CasX cleaves DNA strands in a sticky-ended fashion; in CasX enzymes comprise a distinct family of RNA-guided genome editors (2019) this cutsite is characterized as 10 nt with cleavage site of 12-14 on the target strand, and 22-25nt on the non-target strand. In Position of Deltaproteobacteria Cas12e nuclease cleavage sites depends on spacer length of guide RNA (Selkova et al, 2020), this cutsite is later recharacterized as 18nt target strand and 22nt on the nontarget strand. The length of the spacer region on the target strand is 20nt. The target strand must be flanked by a TTCN PAM 5’ to the spacer region.
Engineering
In strand displacement reactions toeholds have a minimum length of 4nt and an optimal length of 5-7nt for optimal kinetics. Given that the sticky end of CasX is at least 4nt in length, it functions as a toehold to catalyze a toehold-mediated strand displacement reaction and generate fluorescent signals.

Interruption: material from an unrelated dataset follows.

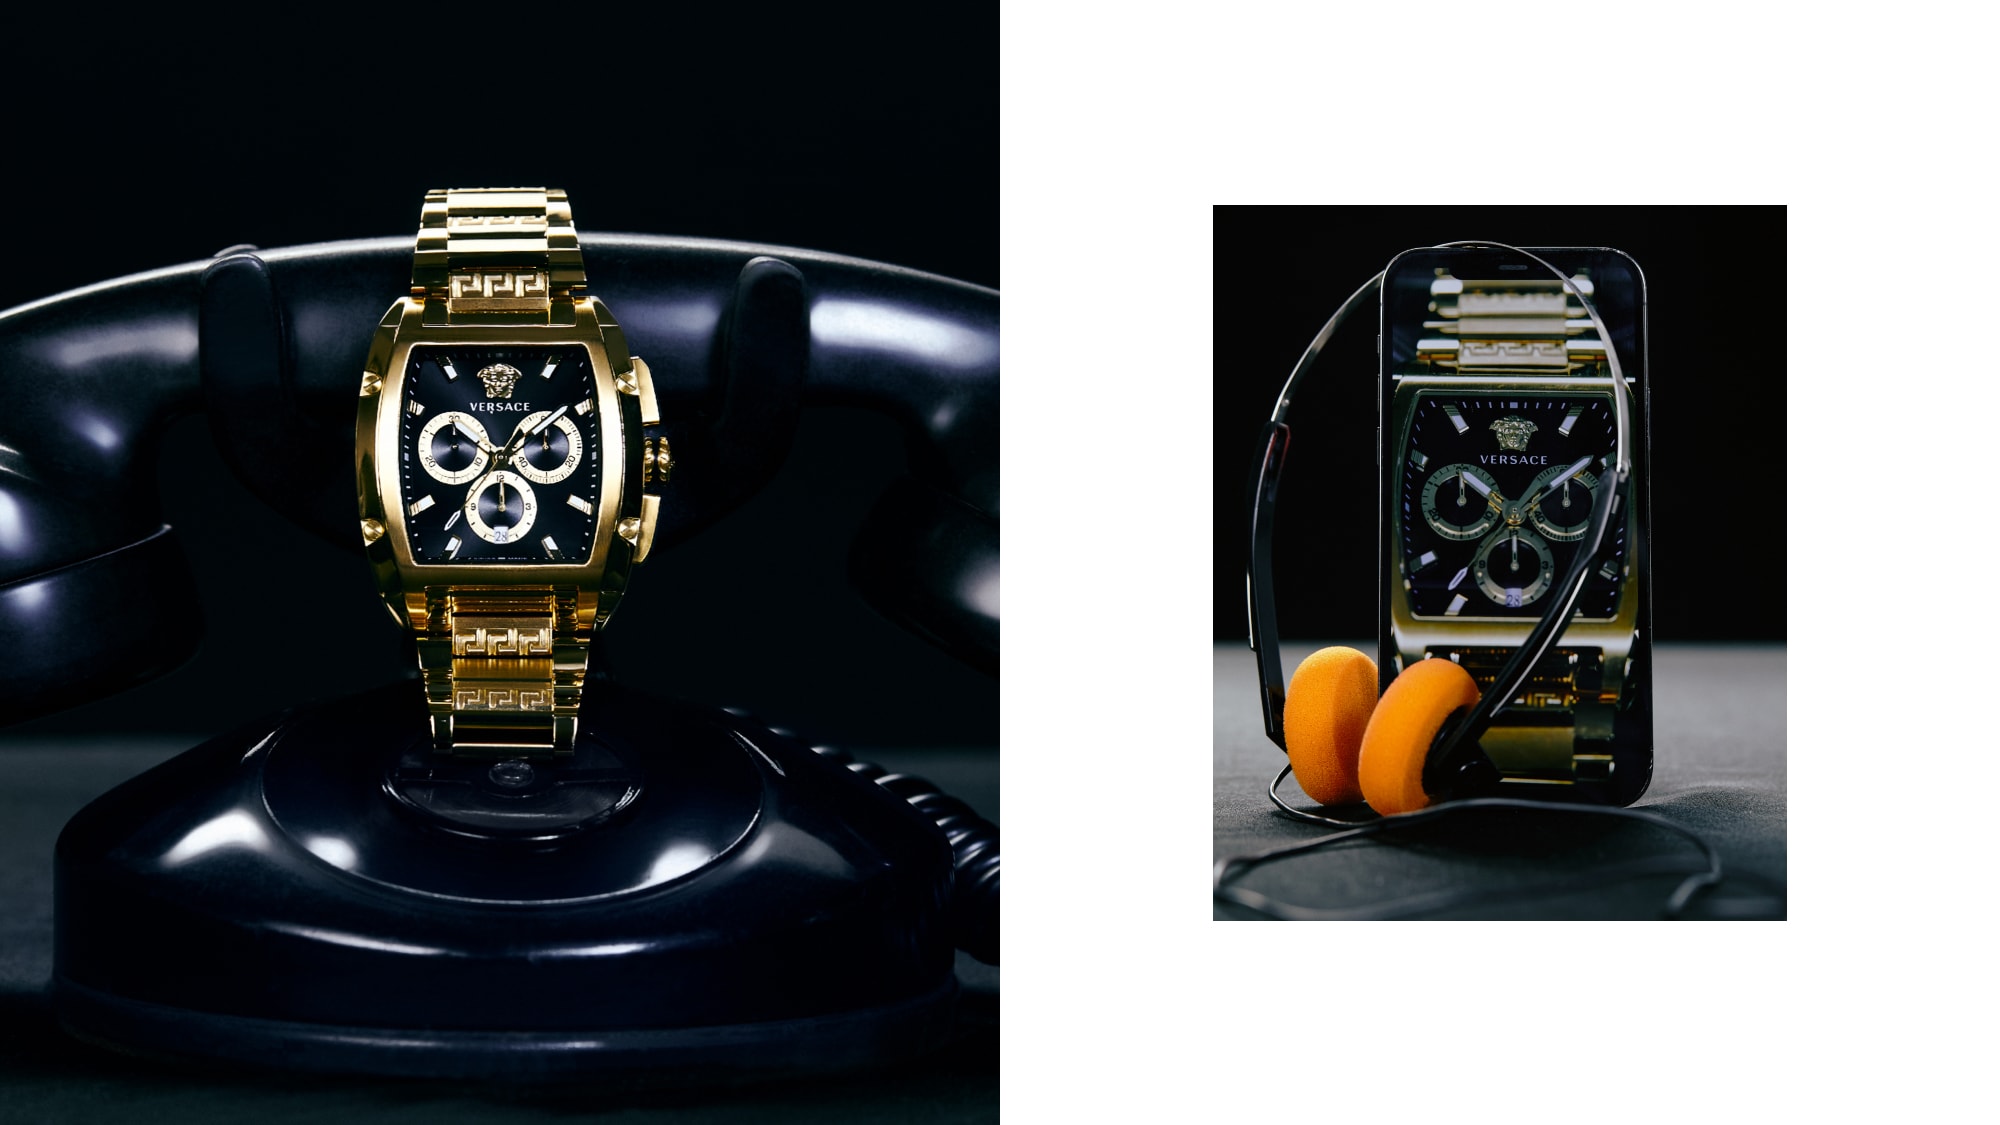 The Versace Dominus Champagne Case Watch is a Symbol of Timelessness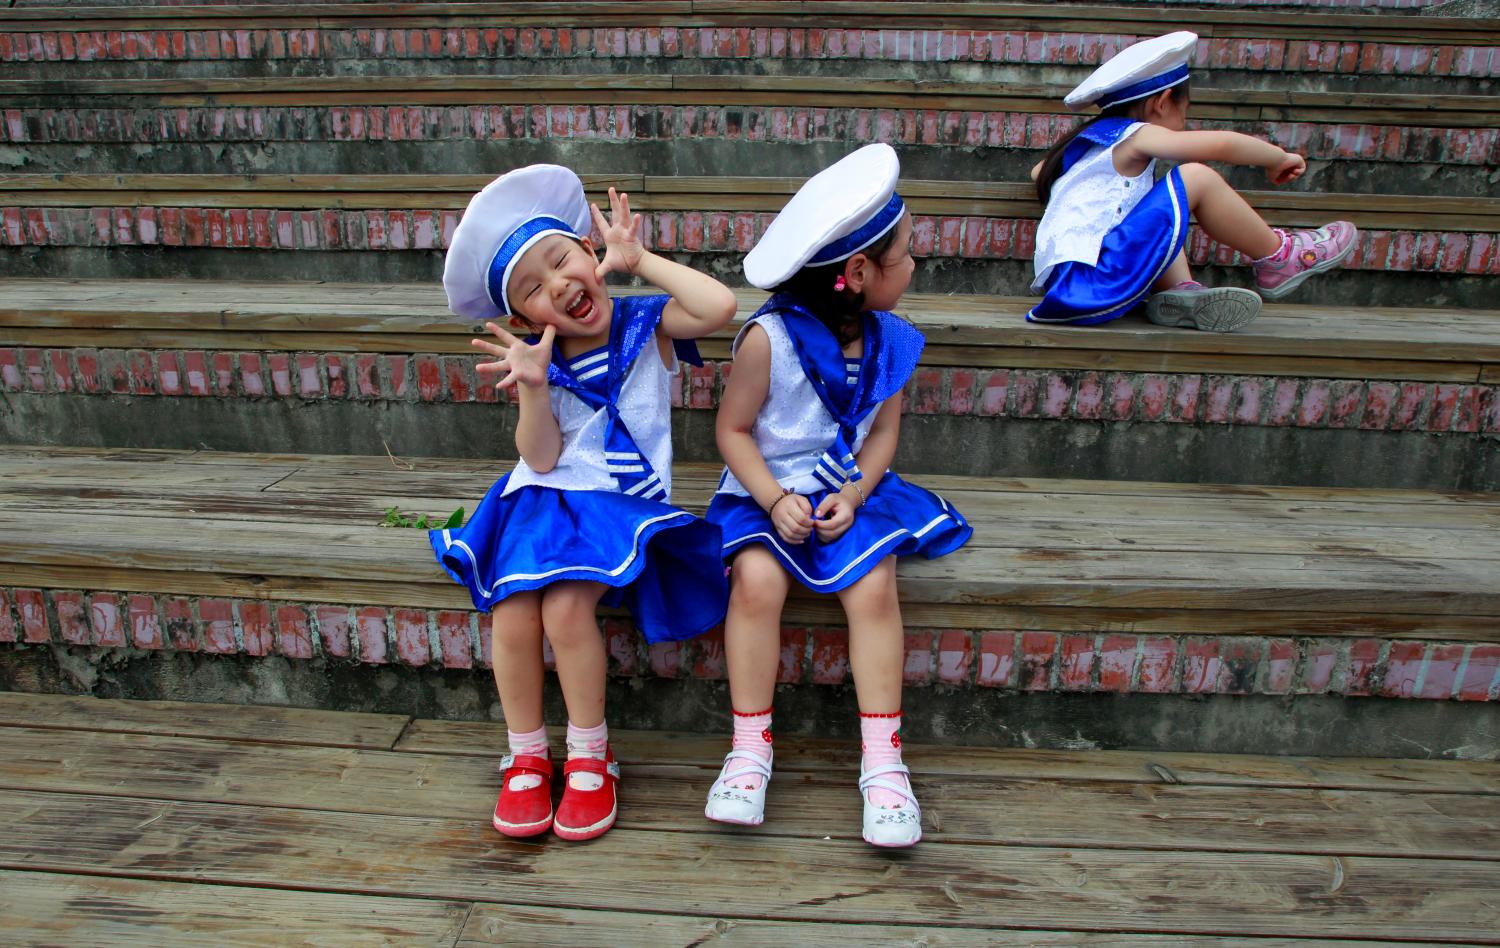 Children dressed in sailor outfits play before a performance during World Oceans Day celebrations in Taipei June 8, 2011. REUTERS/Nicky Loh (TAIWAN - Tags: SOCIETY) - GM1E7681AQU01

GC base pairs are preferred for the short 4nt toehold as they allow stronger binding and therefore faster strand displacement reactions leading to fluorescence. Structure of the native target DNA of CasX compared to engineered targets are shown in order (1st dsDNA corresponds to Target 1 and so forth).
The products of cleavage go on to participate in a downstream strand displacement reaction with reporter gates and trigger strands. Schematic shown below.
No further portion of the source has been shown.